Миндаль — «королевский орешек» — полезен для мозга и зрения, его особенно любили при королевских дворах. Красивая форма миндаля дала название не только разрезу глаз, но и виду ореола, окружающего святых на картинах с библейскими сюжетами. Миндаль в этом странствии измученной души не помогает: его сильнее во все и вся проникающая Ложь…
Кто смотрит на кого?.. Ищем ответ на вопрос старательно.
Под маской скрывается Жизнь, что обретает Вечность
за счет Смерти.
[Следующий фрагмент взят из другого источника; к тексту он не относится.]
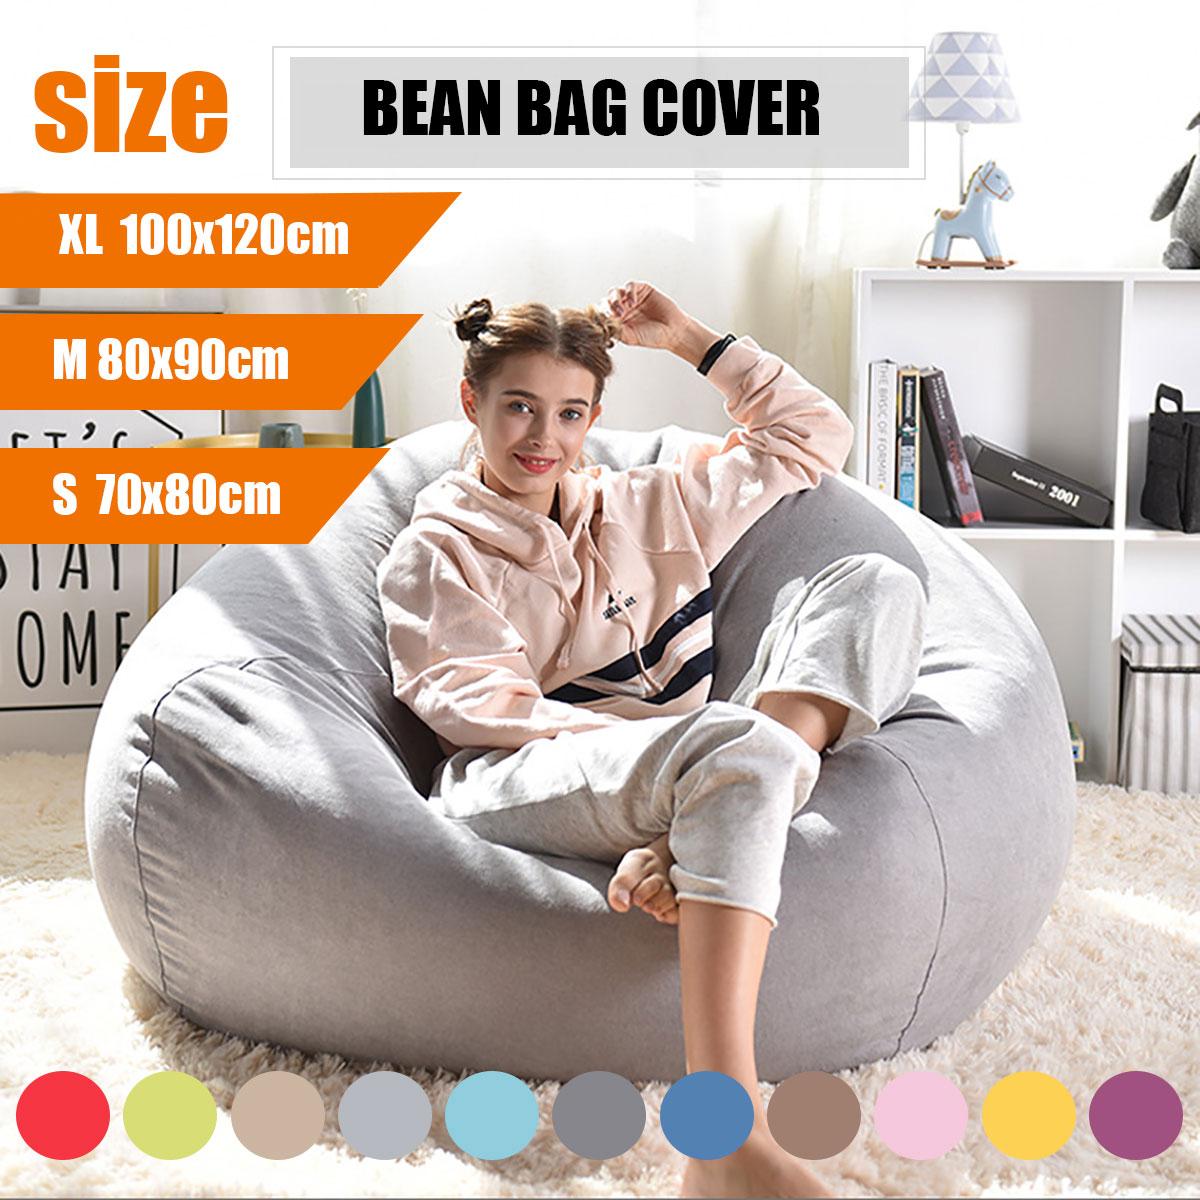 Leniwy BeanBag sofy pokrycie krzesła bez wypełniacza pościel tkaniny leżak siedzenia worek fasoli Puff asiento kanapa Tatami meble do salonu

В зеркале должна быть видна Правда…
«Это была Венеция, льстивая и подозрительная красавица, — не то сказка, не то капкан для чужеземцев; в гнилостном воздухе ее некогда разнузданно и буйно расцвело искусство, и своих музыкантов она одарила нежащими, коварно убаюкивающими звуками».
Так и есть, в зеркале видна не прежняя «ЦАРИЦА МОРЕЙ»,
а нынешняя коварная обольстительница, подозрительная,
ибо в действительности она — гниющий труп,
напомаженный, изукрашенный, убаюкивающий
лестью, сказочными вымыслами, чтобы скрыть то,
что зазеркальная Венеция — «капкан для чужеземцев»:
людей из Мира живых, в Мир умерших переходящих.
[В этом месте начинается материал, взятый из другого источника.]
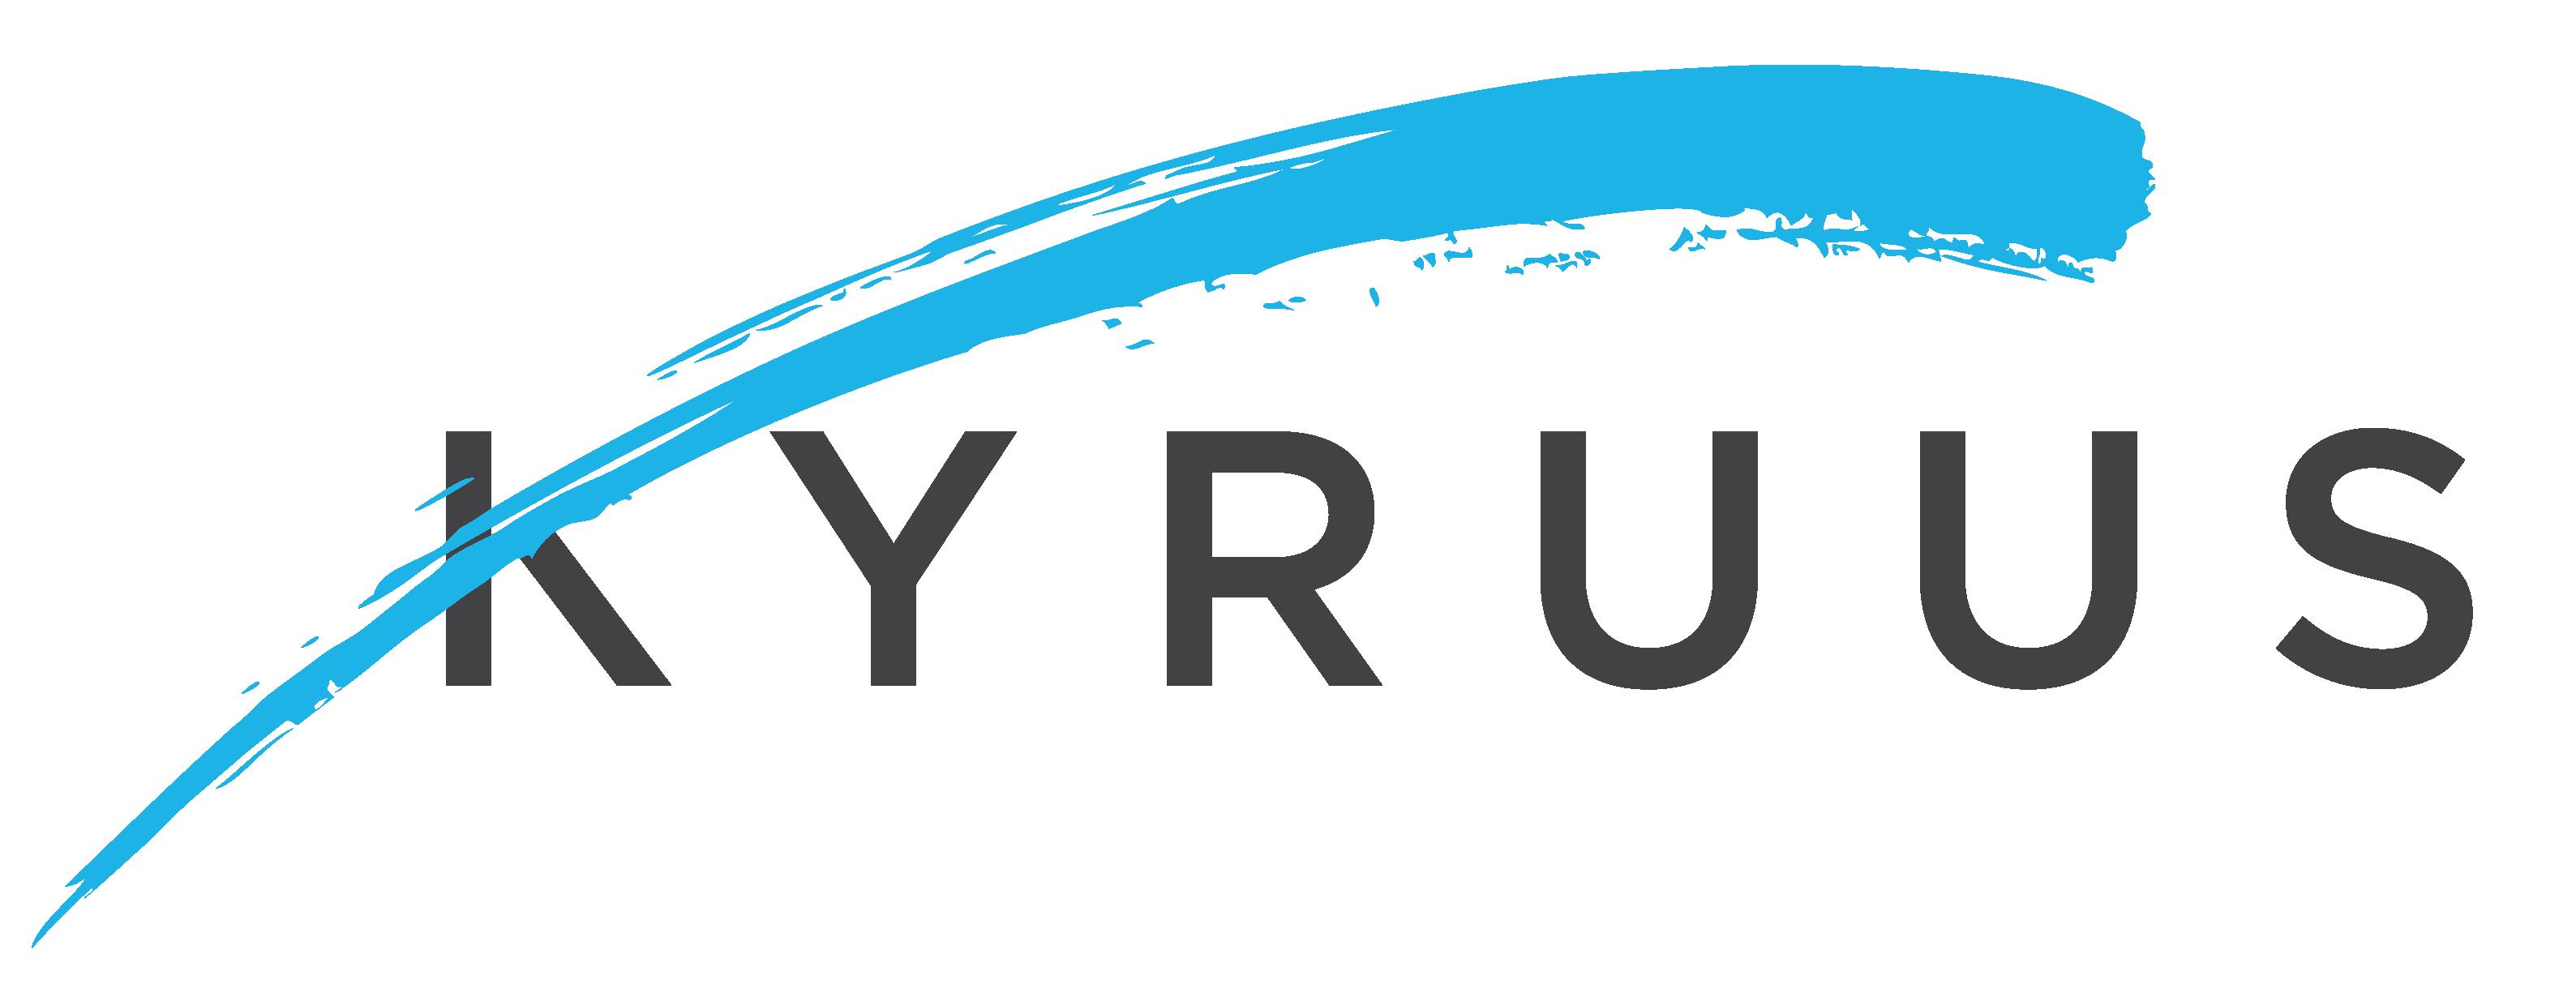 Kyruus

«Ашенбаху казалось, что глаза его впивают все это великолепие, что его слух ловит эти лукавые мелодии; он думал о том, что Венеция больна и корыстно скрывает свою болезнь, и уже без стеснения следил за скользящей впереди гондолой».
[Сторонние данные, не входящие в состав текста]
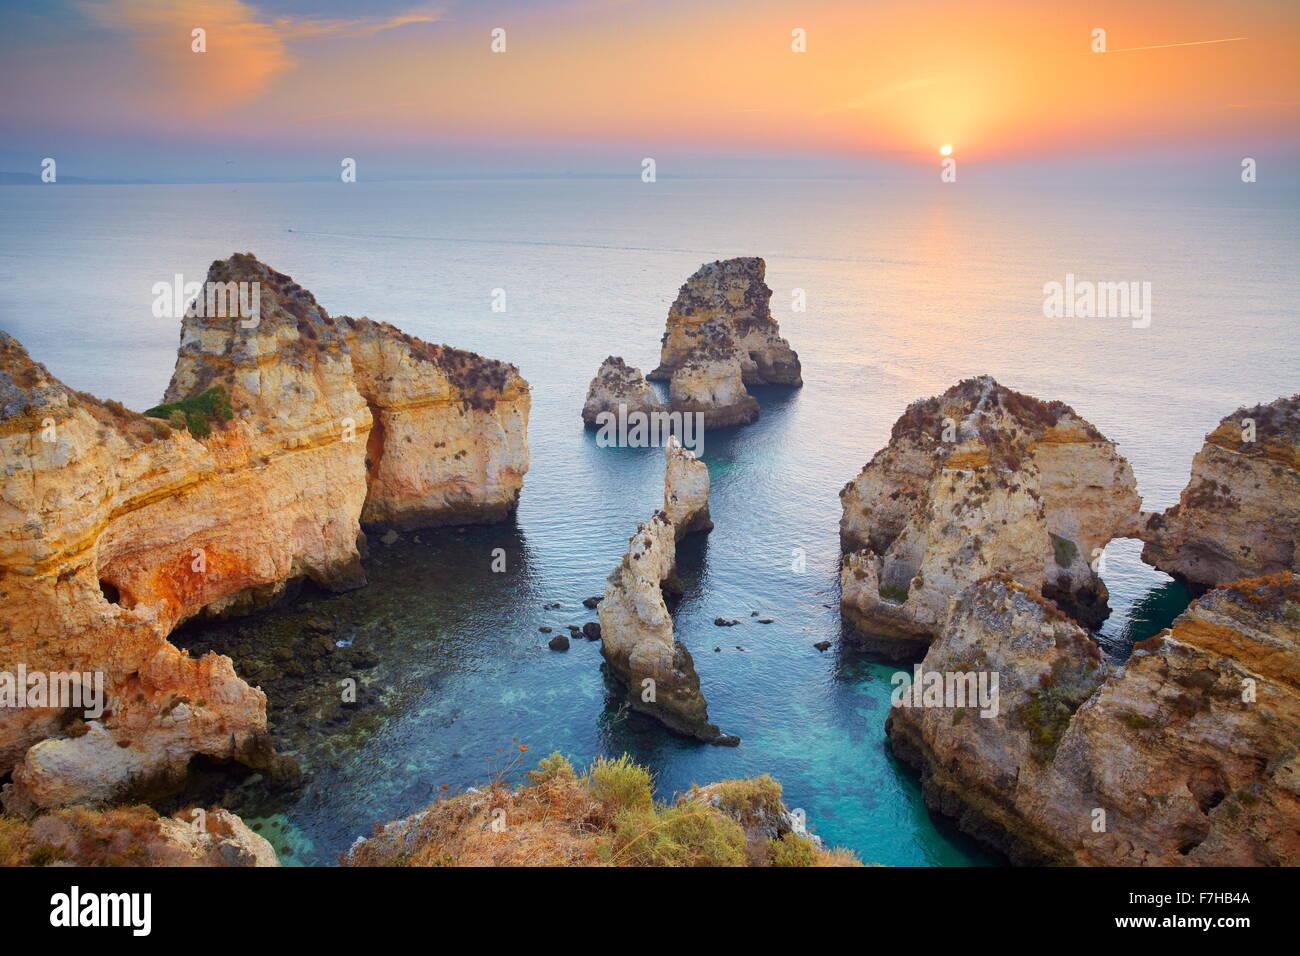 Sonnenaufgang am Algarve-Küste in der Nähe von Lagos, Portugal Stockbild

Ашенбах видит Ложь и Правду, не улавливая в них различий,
потому что для него уже нет барьеров между Злом и Добром:
все пеленой страсти (не Любви) затянуто, укрыто, занавешено.
«Одурманенный и сбитый с толку, он знал только одно, только одного и хотел: неотступно преследовать того, кто зажег его кровь, мечтать о нем, и когда его не было вблизи, по обычаю всех любящих нашептывал нежные слова его тени».
«И все же бывали мгновения, когда он, опомнившись, пытался держать себя в руках. Как всякий человек, которому прирожденные заслуги внушают аристократический интерес к своему происхождению, он привык при любых событиях и жизненных успехах вспоминать своих предков, мысленно искать их согласия и одобрения».
«Он тоже отбывал службу, тоже был солдатом и воином, подобно многим из них, — потому что искусство — война, изнурительный бой. Долго вести его в наши дни невозможно. Жизнь, полная самоопреодоления, бесчисленных «вопреки», горькая, упорная, воздержанная жизнь, которую он сделал символом хрупкого героизма, только и возможного в наше время, — ее по праву можно было считать мужественной, храброй, и ему почему-то казалось, что Эрот, его поработивший, выбирает и отличает именно такую жизнь».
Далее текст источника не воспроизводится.